Design

Great Industrial Design Student Work: Closet as Drying Rack






With the exception of us energy-hog Americans, much of the world dries their laundry electricity-free, on a rack.

You might assume that after the clothes are dry, everyone folds them up and puts them away. But Lukas Bazle and Lukas Stotz, while studying Industrial Design at Germany’s Hochschule für Gestaltung Schwäbisch Gmünd, looked into it and learned different. “Our research has shown [that] many people skip putting clothes in the wardrobe and use the clothes directly from the drying rack,” they write, describing the impetus for their Haarlem design. “The goal was to create a product that adapts to this behavior.”

Prototype

Prototype

Prototype

“Haarlem is a systematic solution for storing and drying fresh laundry. It combines the traditional closet with a drying rack.
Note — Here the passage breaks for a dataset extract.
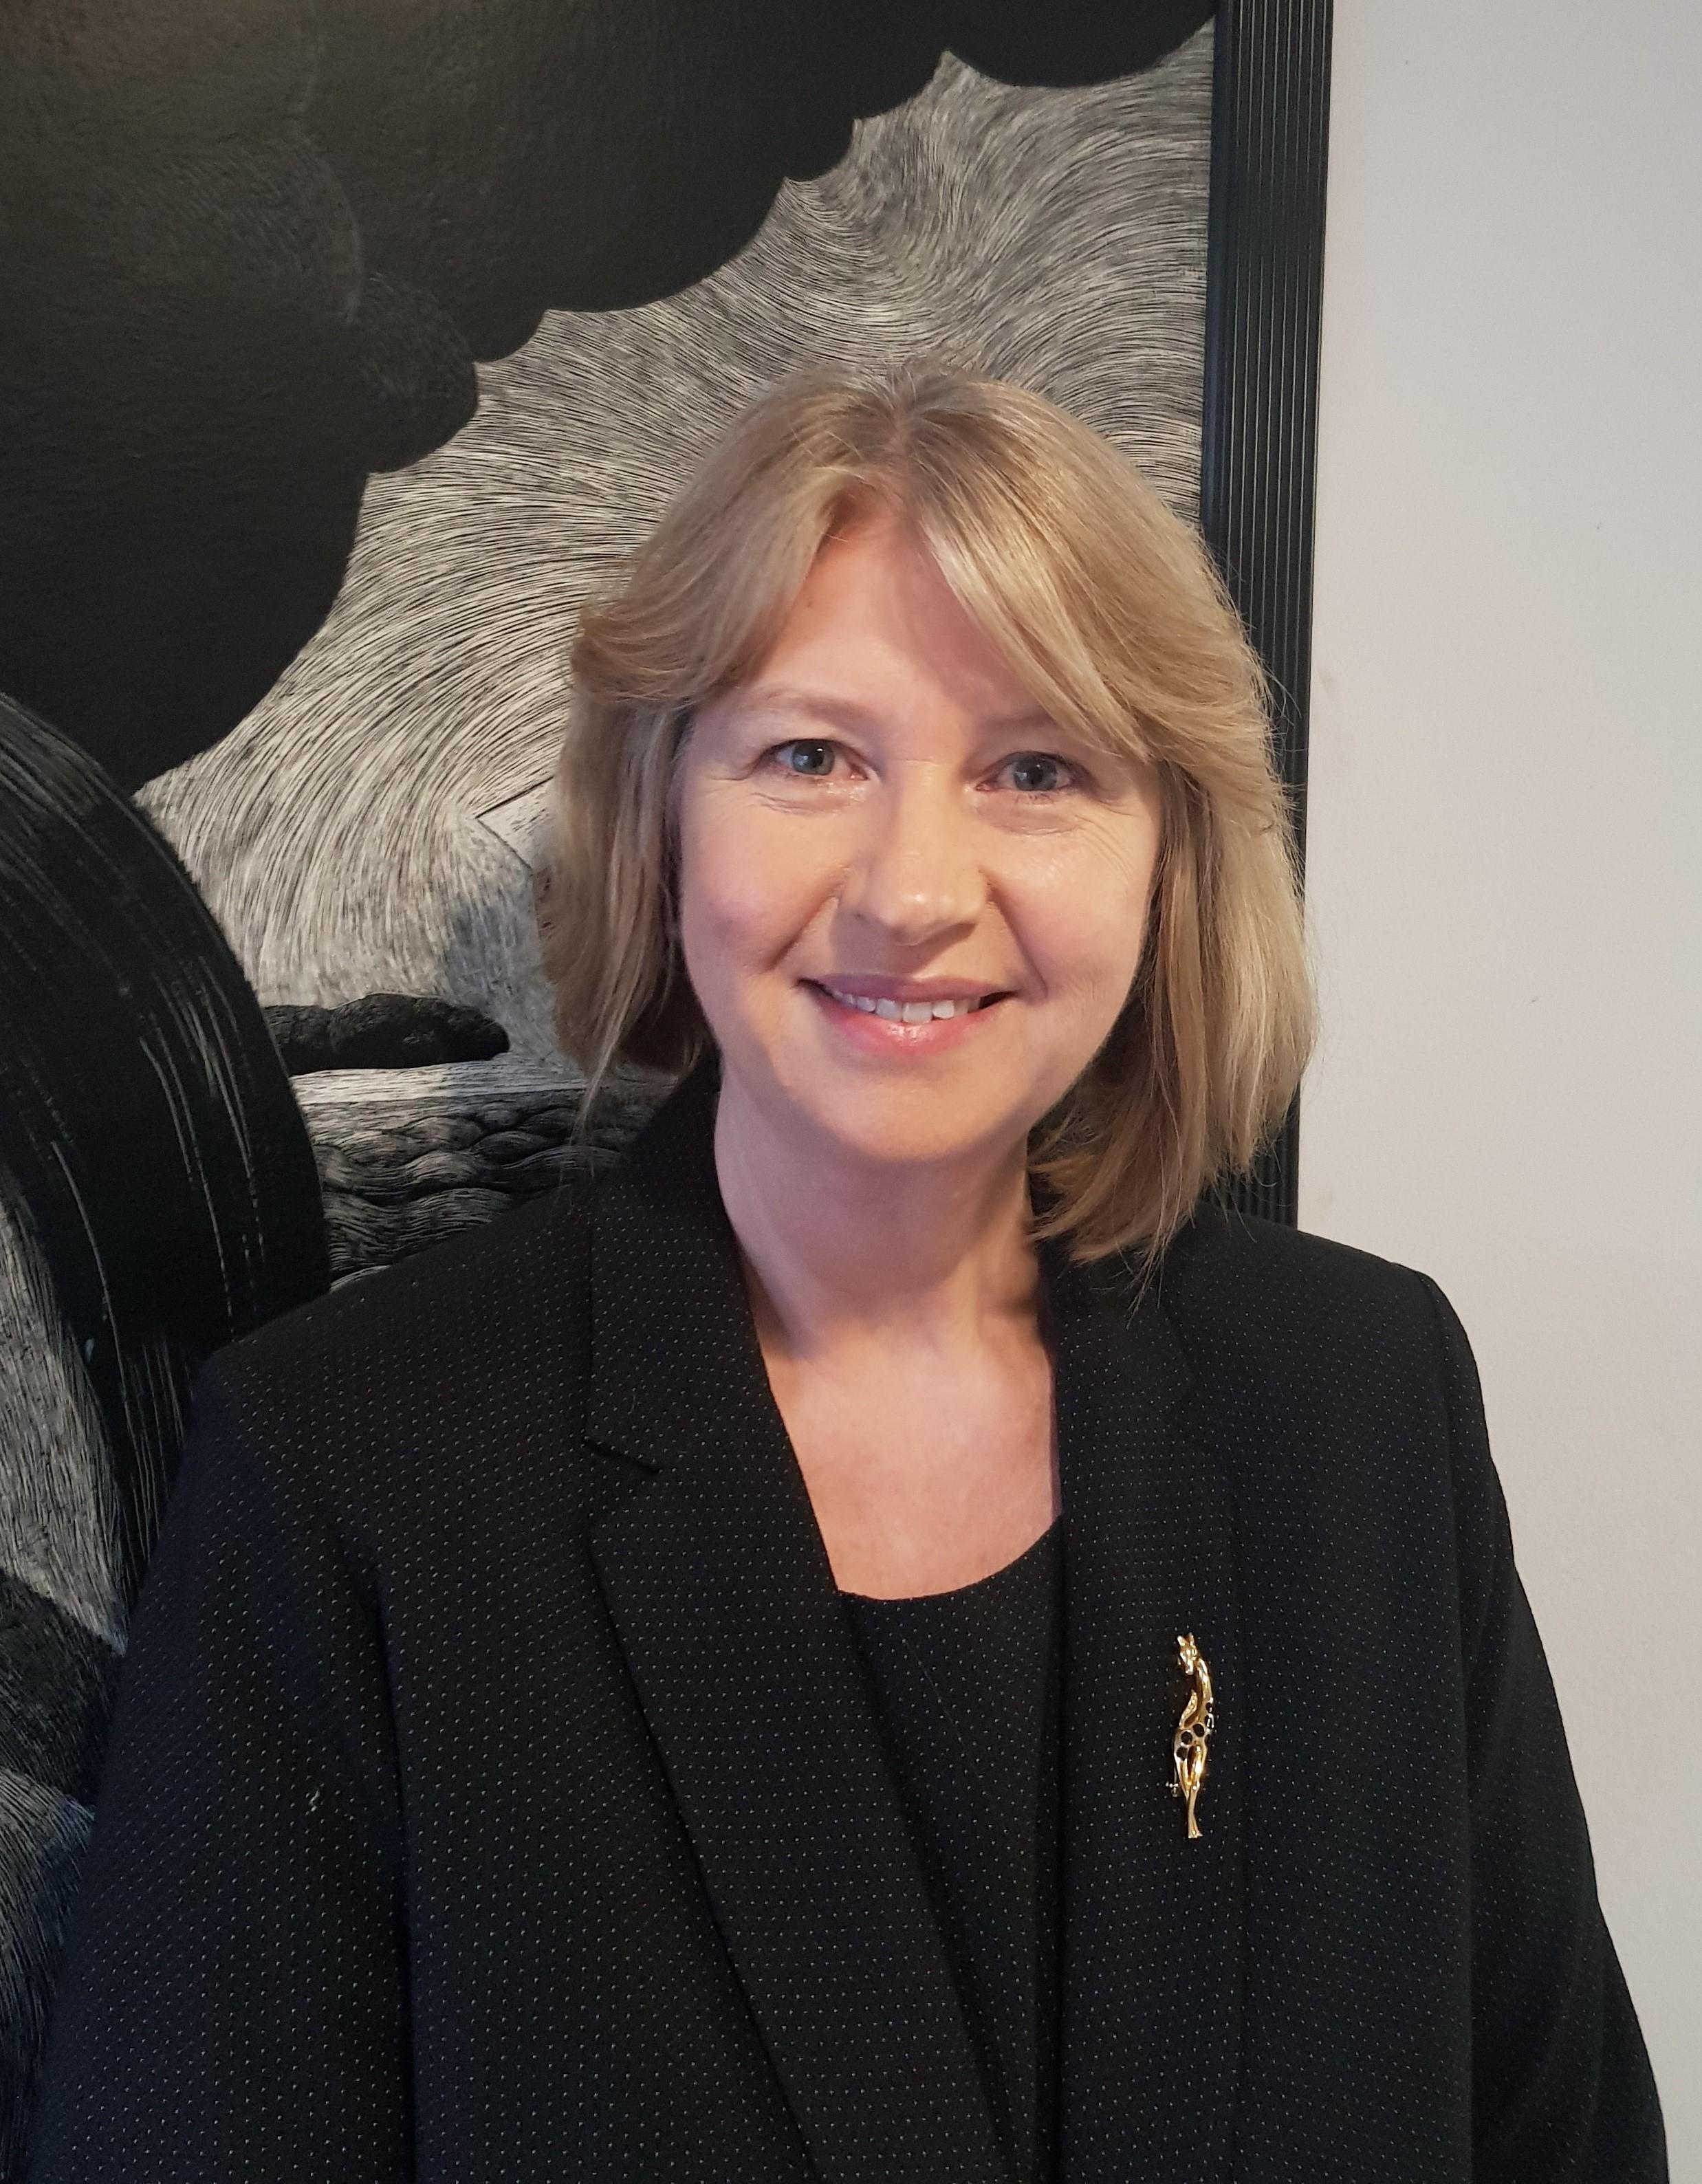 Ann Skelton
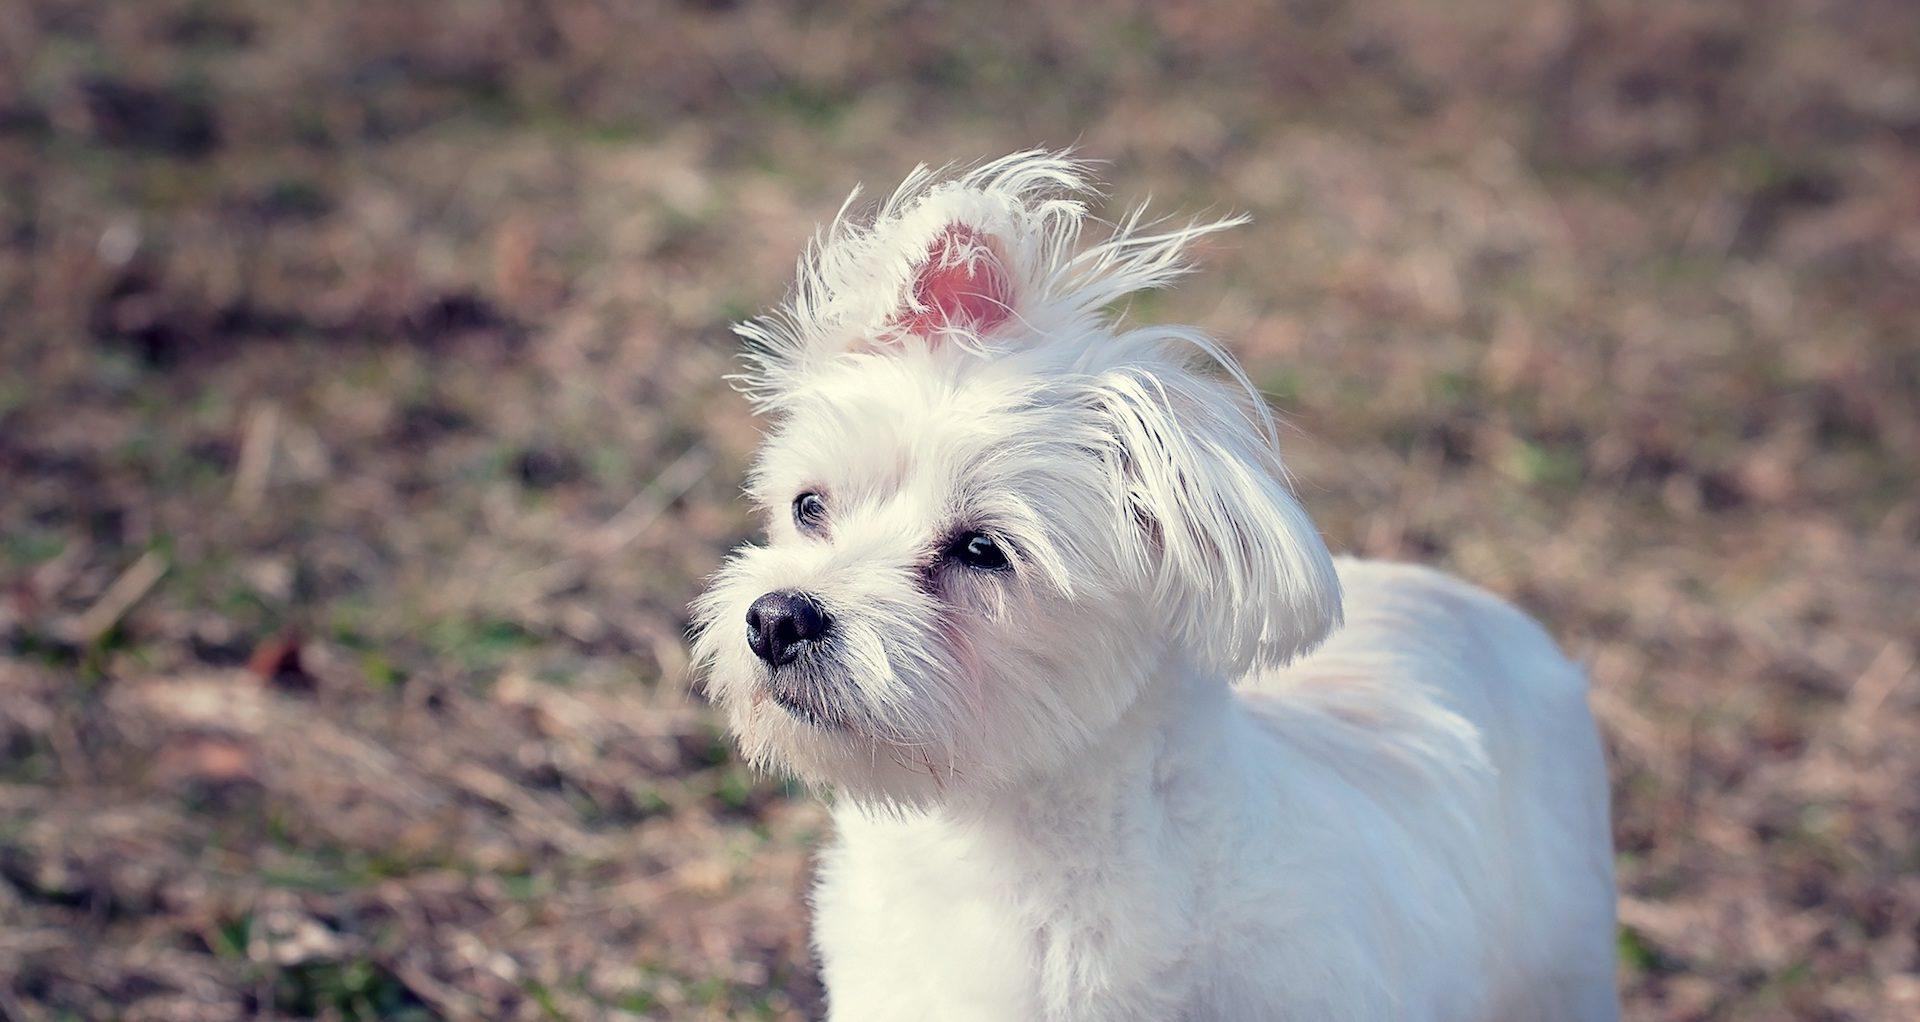 perro, mascota, bichón, maltes, amigo, compañía - Fondos de Pantalla HD - professor-falken.com

In the process of going from dirty laundry to having the clothes freshly washed in your closet again, there are several unnecessary steps that can be simplified.”

“Additionally it becomes more clear which items are being worn often and which ones you could manage to live without.”

(Text reads “Now the next wash cycle can be hang-dryed.”)

While this might not be ideal for an enclosed and non-ventilated closet (think humidity problems), at the student level I love this kind of outside-of-the-box thinking based on a better understanding of how people actually behave.

Both Bazle and Stotz are now graduated. Bazle works as a designer for Ikea, but I was not able to learn what became of Stotz.

Bazle also credits design professor Klaus Marek on the project.